Ryan Bester

Personal information
- Full name: Ryan George Peter Bester
- Nationality: Canadian
- Born: 7 December 1984 (age 41) Hanover, Ontario, Canada

Sport
- Sport: Bowls
- Club: Hanover LBC / Broadbeach BC

Medal record
Representing Canada
World Outdoor Championships
| Gold medal – first place | 2004 Ayr | pairs |
| Bronze medal – third place | 2008 Christchurch | singles |
| Silver medal – second place | 2012 Adelaide | singles |
| Bronze medal – third place | 2012 Adelaide | pairs |
| Silver medal – second place | 2016 Christchurch | singles |
| Gold medal – first place | 2023 Gold Coast | singles |
| Bronze medal – third place | 2023 Gold Coast | pairs |
Commonwealth Games
| Bronze medal – third place | 2006 Melbourne | singles |
| Silver medal – second place | 2014 Glasgow | singles |
| Silver medal – second place | 2018 Gold Coast | singles |
Asia Pacific Bowls Championships
| Gold medal – first place | 2005 Melbourne | singles |
| Silver medal – second place | 2007 Christchurch | singles |
| Bronze medal – third place | 2007 Christchurch | pairs |
| Bronze medal – third place | 2011 Adelaide | pairs |
| Bronze medal – third place | 2011 Adelaide | fours |
| Gold medal – first place | 2015 Christchurch | pairs |
| Silver medal – second place | 2019 Gold Coast | singles |
| Bronze medal – third place | 2019 Gold Coast | pairs |
Atlantic Bowls Championships
| Gold medal – first place | 2007 Ayr | singles |

= Ryan Bester =

Canadian lawn bowler (born 1984)

Ryan George Peter Bester (born 7 December 1984 in Hanover, Canada) is a Canadian lawn bowler.

==Bowls career==
===World Outdoor Championships===
Bester won the gold medal in the pairs with Keith Roney at the 2004 World Outdoor Bowls Championship in Ayr. After winning a bronze in the 2008 World Outdoor Bowls Championship he finished runner-up to Leif Selby in the 2012 World Outdoor Bowls Championship men's singles. He won his fifth World Championship medal when winning a silver medal in the singles at the 2016 World Outdoor Bowls Championship in Christchurch.

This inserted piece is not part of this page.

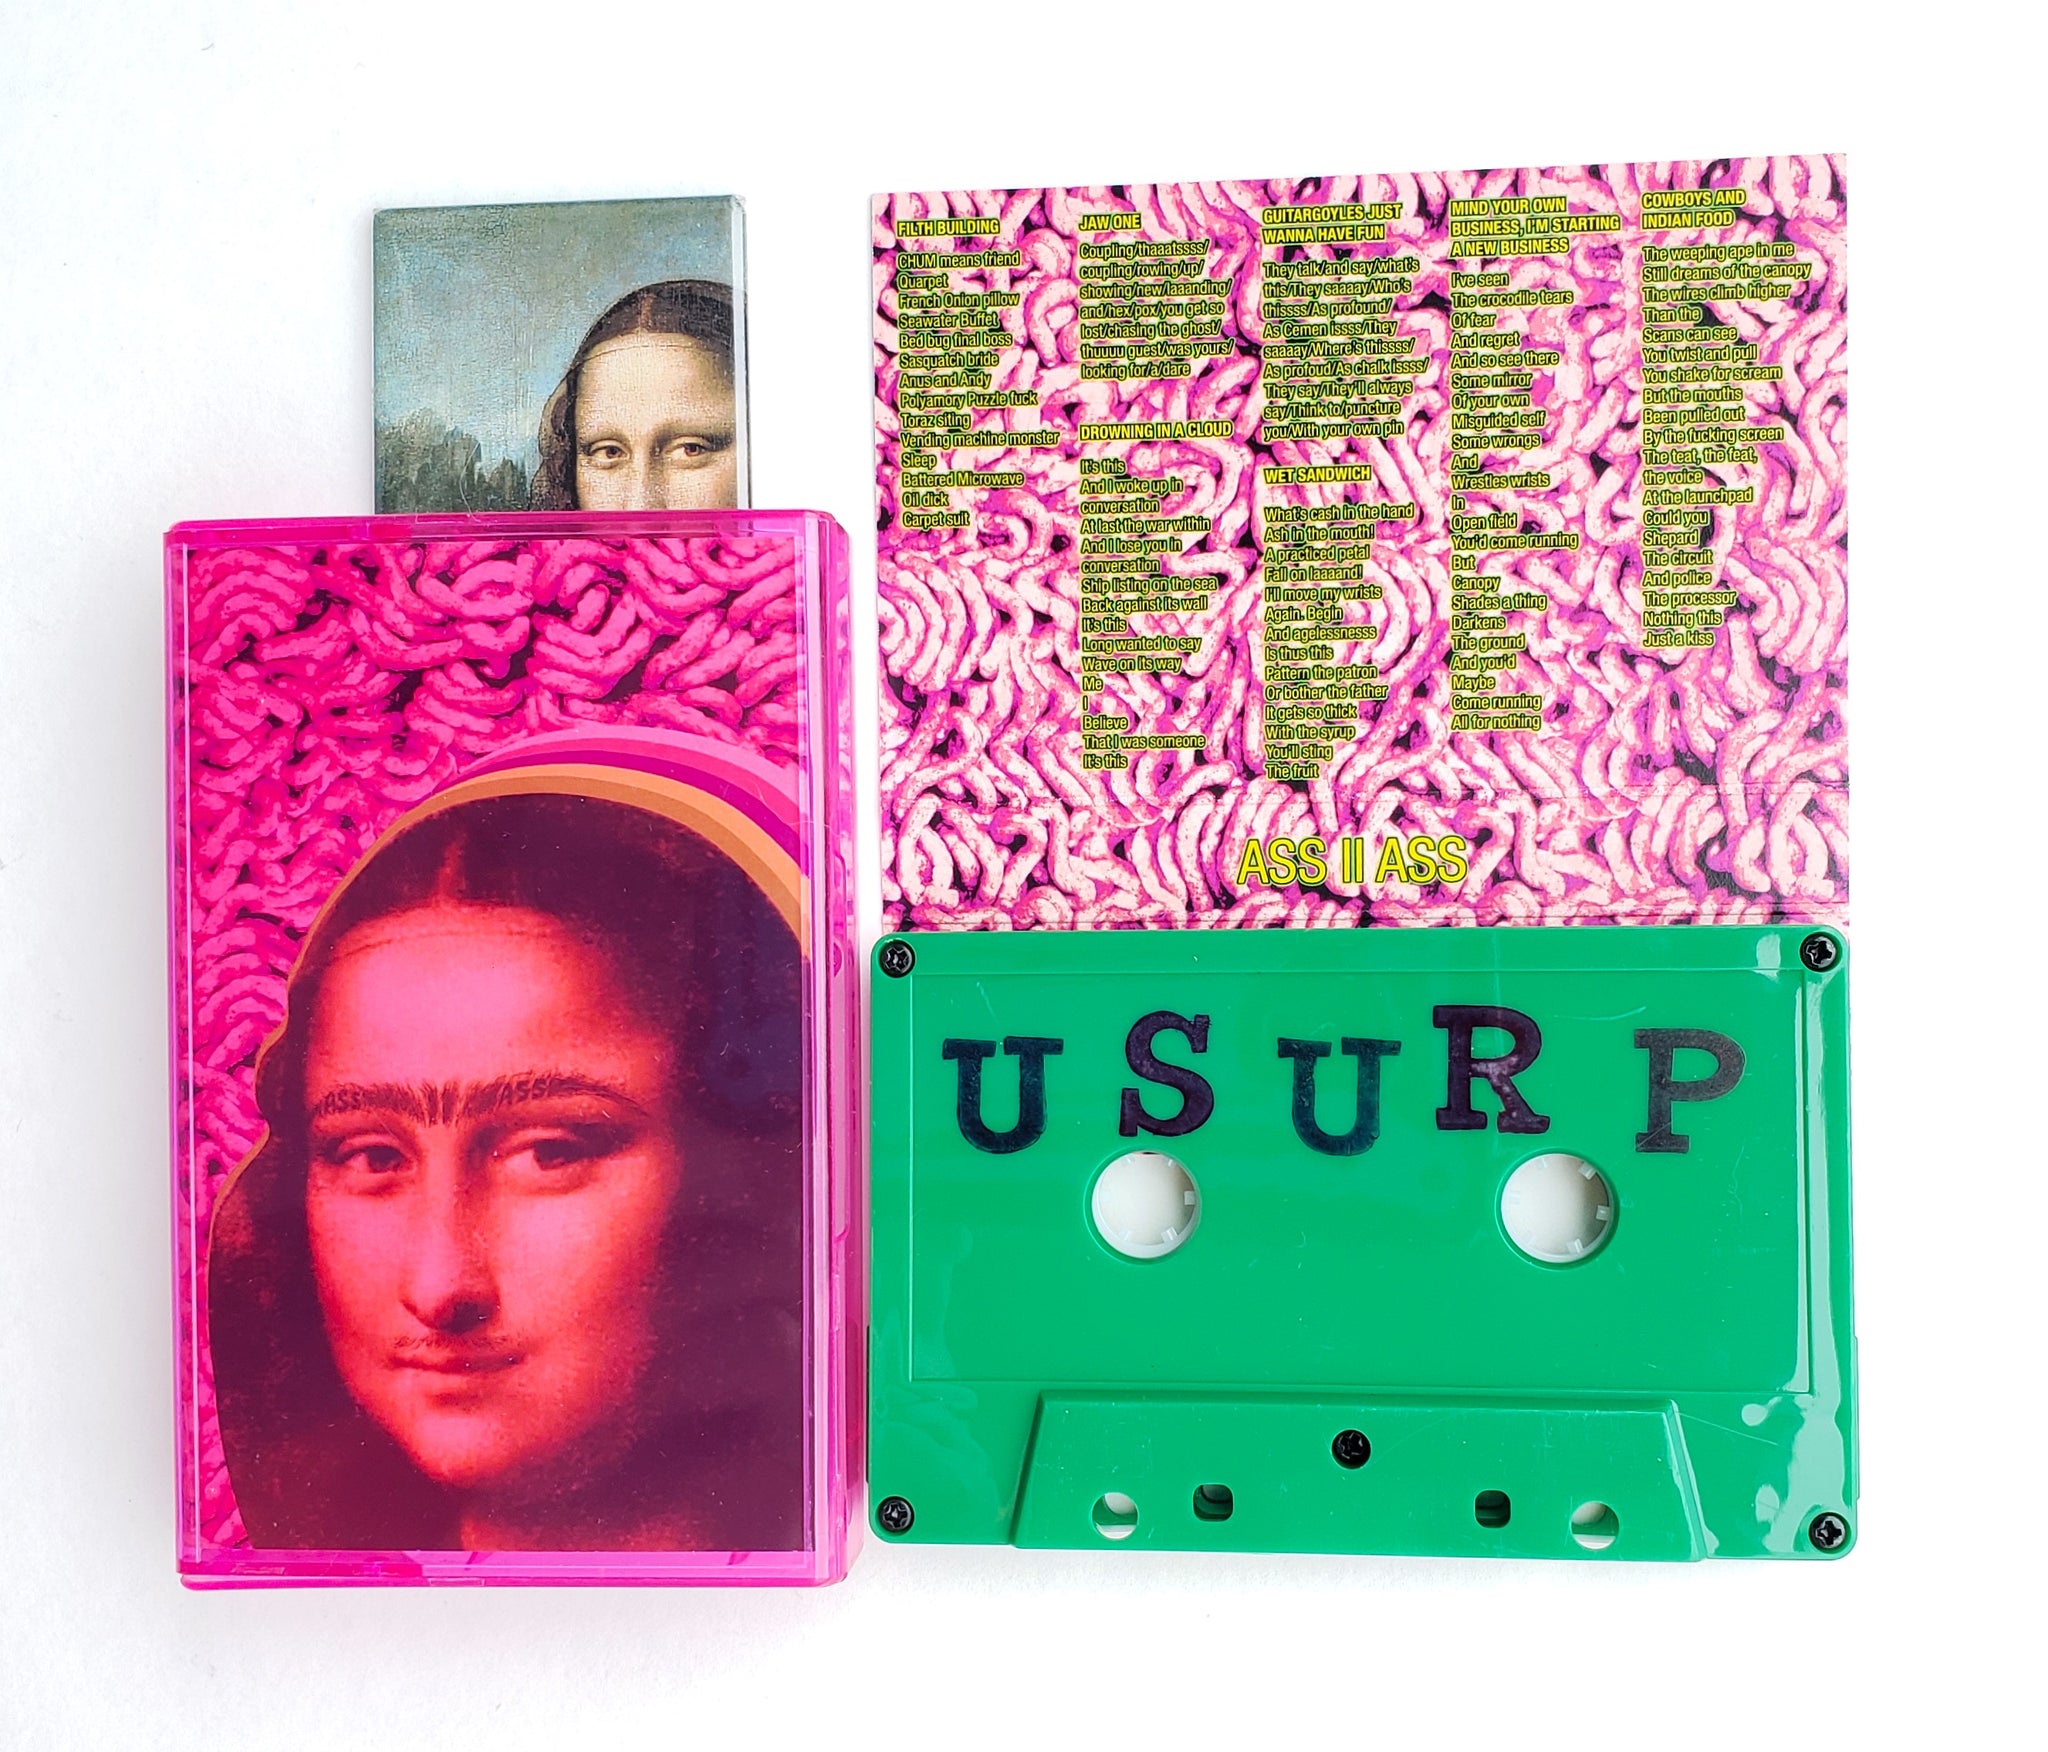 USURP SYNAPSE - Polite Grotesqueries - AssIIAss edition (tape)

In 2020, he was selected for the 2020 World Outdoor Bowls Championship in Australia but the event was cancelled due to the COVID-19 pandemic.

In 2023, he was selected again by Canada for the 2023 World Outdoor Bowls Championship. He participated in the men's pairs and the men's fours events. In the pairs, Bester qualified in first place with John Bezear in his group before being eliminated at the semi final stage, after losing to Ireland. However one week later, in the singles he went on to win the gold medal after beating Gary Kelly in the final.

===Commonwealth Games===
He clinched the silver medal in the 2014 Commonwealth Games in lawn bowling. He also won bronze medal in 2006 Commonwealth Games in Melbourne.

In November 2017, Bester was named to Canada's 2018 Commonwealth Games team. During the 2018 Commonwealth Games on the Gold Coast in Queensland he won a silver medal in the singles. In 2022, he competed in the men's singles and the men's pairs at the 2022 Commonwealth Games.

===Asia Pacific and Atlantic===
Bester has won eight medals at the Asia Pacific Bowls Championships, a singles gold in 2005, a silver in the singles and bronze in the pairs in 2007, double bronze in 2011 and a pairs gold in 2015. His seventh and eighth medals came in with a singles silver and pairs bronze at the 2019 Asia Pacific Bowls Championships in the Gold Coast, Queensland. In 2007 he won the singles gold medal at the Atlantic Bowls Championships.